Dr. Nino Panagia of the Space Telescope Science Institute (STScI) in Baltimore, Maryland and the European Space Agency (ESA) said that preliminary examinations of these HST observations indicated that this compact cluster contains more massive stars than was expected. However if this were true, the entire history of the early universe would have to be drastically altered.

To help resolve this dilemma, Panagia and Dr. R. Gilmozzi (also of STScI/ESA) utilized the HST'S unique capabilities, such as its ultraviolet sensitivity, faint star detection, and high resolution, to identify three different populations in a concentration of 10,000 stars. About 60% of the stars belonged to a cluster that was estimated to be approximately 50 million years old. Another 20% of the clusters were loosely distributed and contained extremely hot and massive stars that were in the region of 4 million years old. The significant age difference between the two clusters suggested that these were actually two very separate star groups that happened to lie in the same line of sight.

According to Panagia, the younger scattered cluster probably lies approximately 200 light years beyond the older one. This unusual juxtaposition suggests that the two have an evolutionary connection. One of the theories proposed was that an expanding bubble of hot gas, from thousands of supernova explosions in the older cluster, triggered the birth of the younger cluster. The bubble would have expanded through space for 45 million years before colliding with a wall of cool gasses and dust. The difference in temperatures would have caused a shock wave whose front would have contracted the gasses, thus precipitating a new generation of star formation. In a few years, these old stars will explode (go supernova) and create a new bubble of expanding hot gas.

The most recent discovery of the HST was on the 1st of April 1999. It is called Hodge 301. This is a cluster of brilliant and massive stars that sit right in the center of the most violent starburst region of our local universe. This highly active region in called the Tarantula Nebula and it is located in our nearest galactic neighbor, the Large Magellanic Cloud.

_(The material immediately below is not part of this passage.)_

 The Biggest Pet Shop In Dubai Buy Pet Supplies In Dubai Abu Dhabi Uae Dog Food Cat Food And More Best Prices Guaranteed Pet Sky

Many of the stars in Hodge 301 are so old that they have already exploded in supernovae. The massive explosions blast material out into the surrounding region of space at speeds up to 300 miles per second. The high-speed ejections plough into the Tarantula Nebula and the changes in temperature and pressure causes a shock wave that shreds the gas into a multitude of sheets and filaments. Three stars, referred to as supergiants, were spotted in Hodge 301. A supergiant is star that is close to its final evolutionary stage and is about to go supernova. The eventual explosions from these three supergiants will send even more shock waves into the Tarantula Nebula.

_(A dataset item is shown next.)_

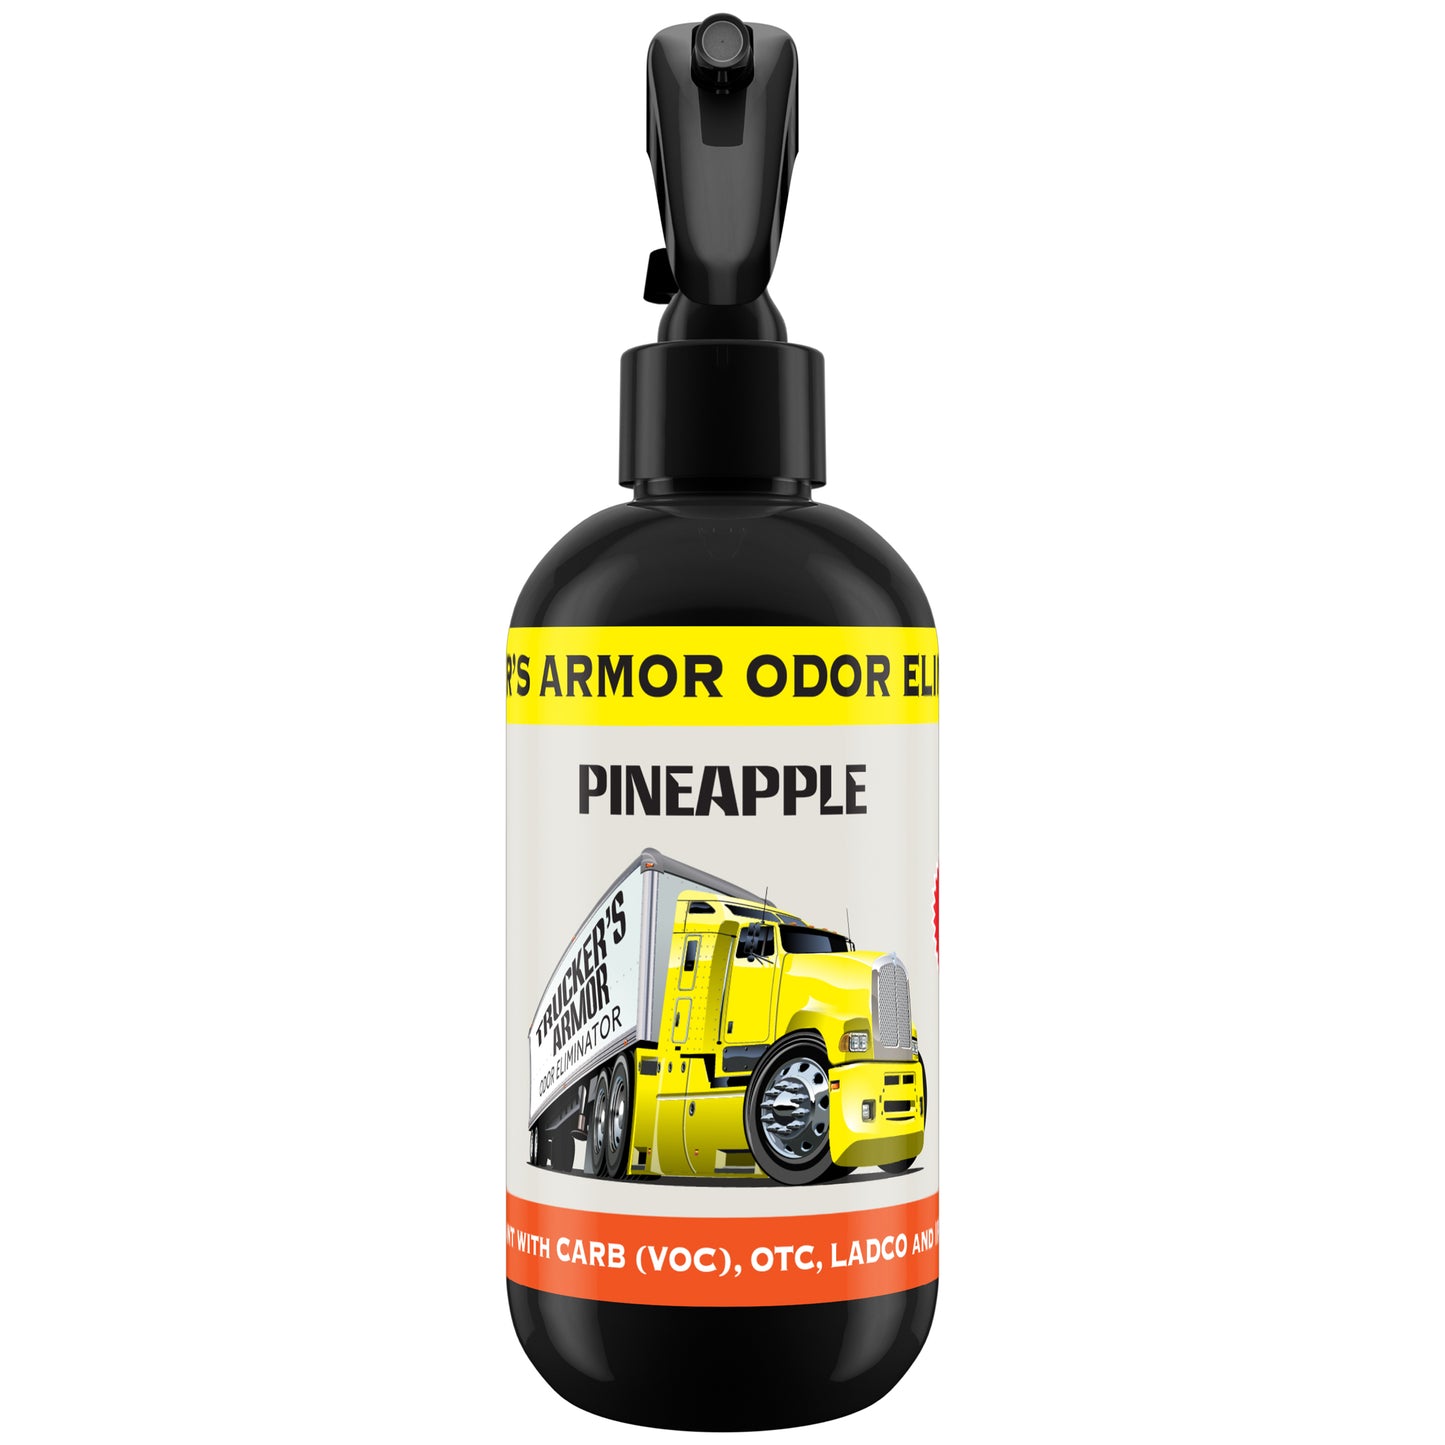 Trucker's Armor Odor Eliminator - Pineapple Scent

In addition, the HST also discovered small images at the center of the Tarantula Nebula. They were small, dense globules of gas and dusts that have spiraled into columns. These will later become the birthplace for new stars, some of which are already being formed today. They will then assume their place in the ongoing formation of new stars, and ultimately, end in their own explosive and fiery deaths.

As galaxies are born and as stars explode into supernovae, all the mysteries, secrets and history of the universe lie before us. Through more research, careful analysis, experimentation and investigation, like that using the Hubble Space Telescope, we can finally begin to map our universe in all its magnificent splendor.